RAW DATA Block Start
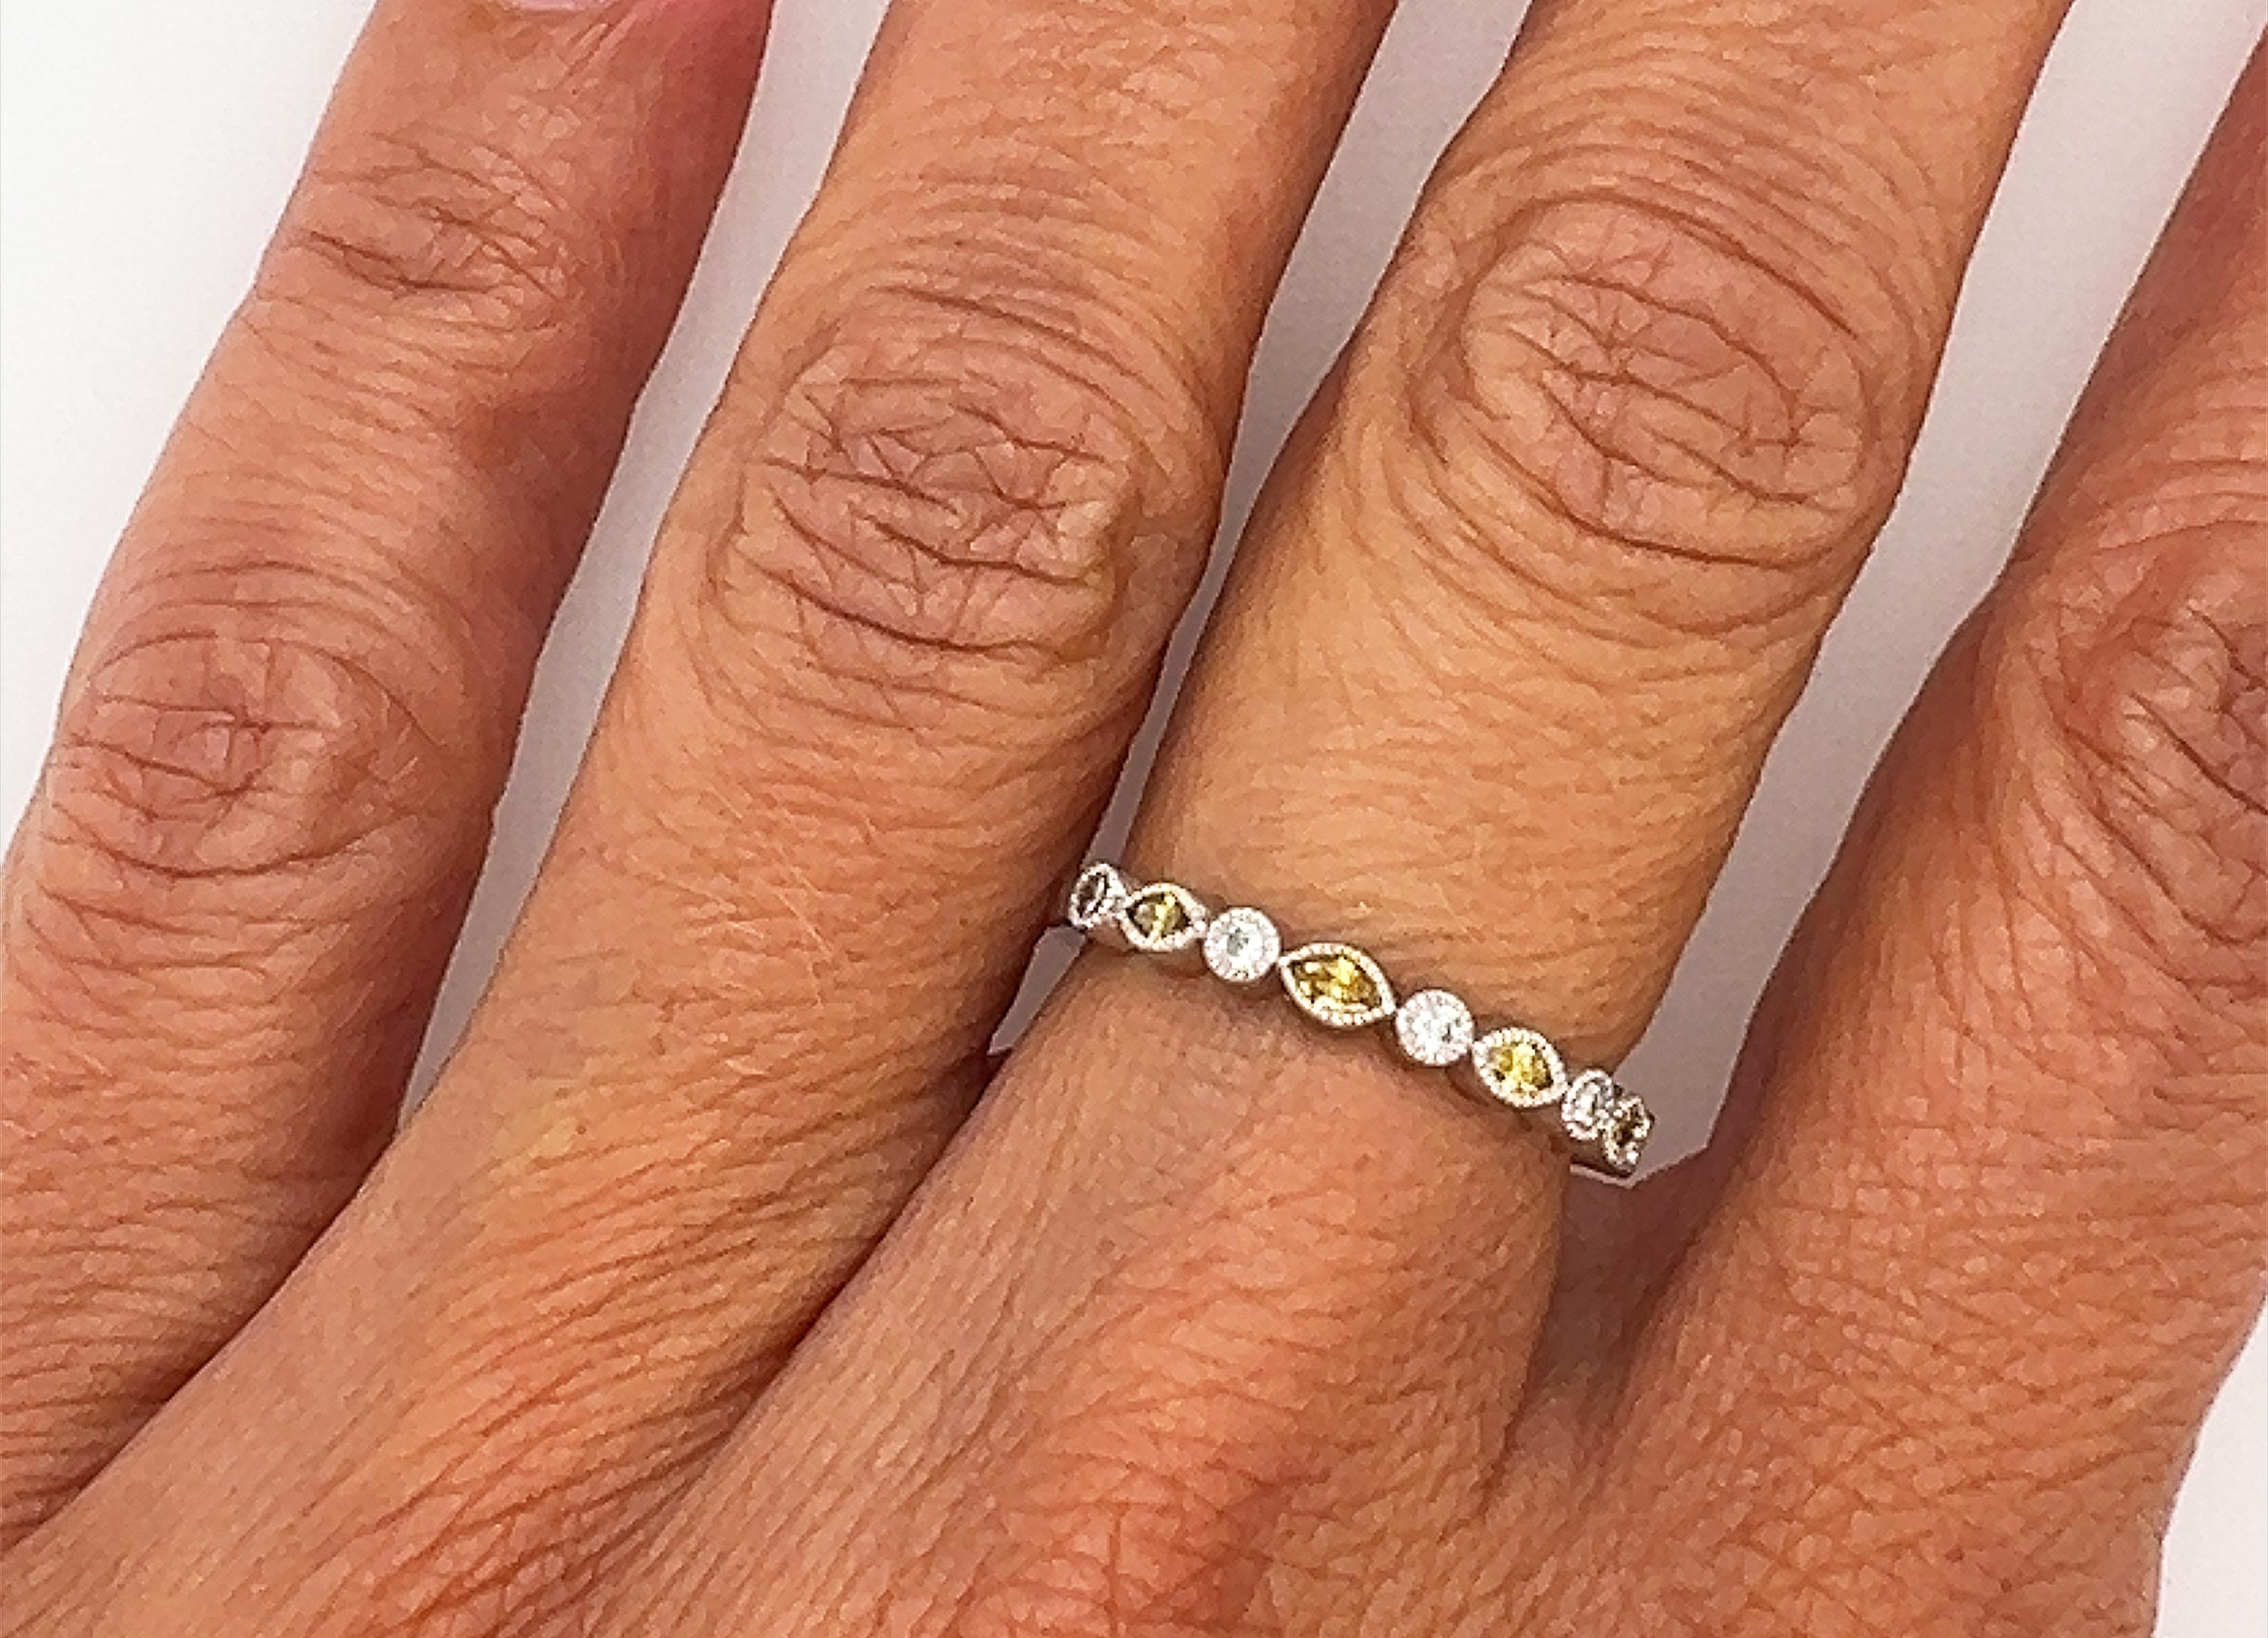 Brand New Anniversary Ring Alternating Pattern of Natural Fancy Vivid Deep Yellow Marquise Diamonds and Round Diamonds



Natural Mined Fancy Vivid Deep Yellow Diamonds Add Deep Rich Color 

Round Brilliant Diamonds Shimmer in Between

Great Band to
RAW DATA Block End
**WORK ITEM:** Return the data exactly. Do not carry over any images.

**RESULT OF THE EXERCISE:**
 Brand New Anniversary Ring Alternating Pattern of Natural Fancy Vivid Deep Yellow Marquise Diamonds and Round Diamonds



Natural Mined Fancy Vivid Deep Yellow Diamonds Add Deep Rich Color 

Round Brilliant Diamonds Shimmer in Between

Great Band to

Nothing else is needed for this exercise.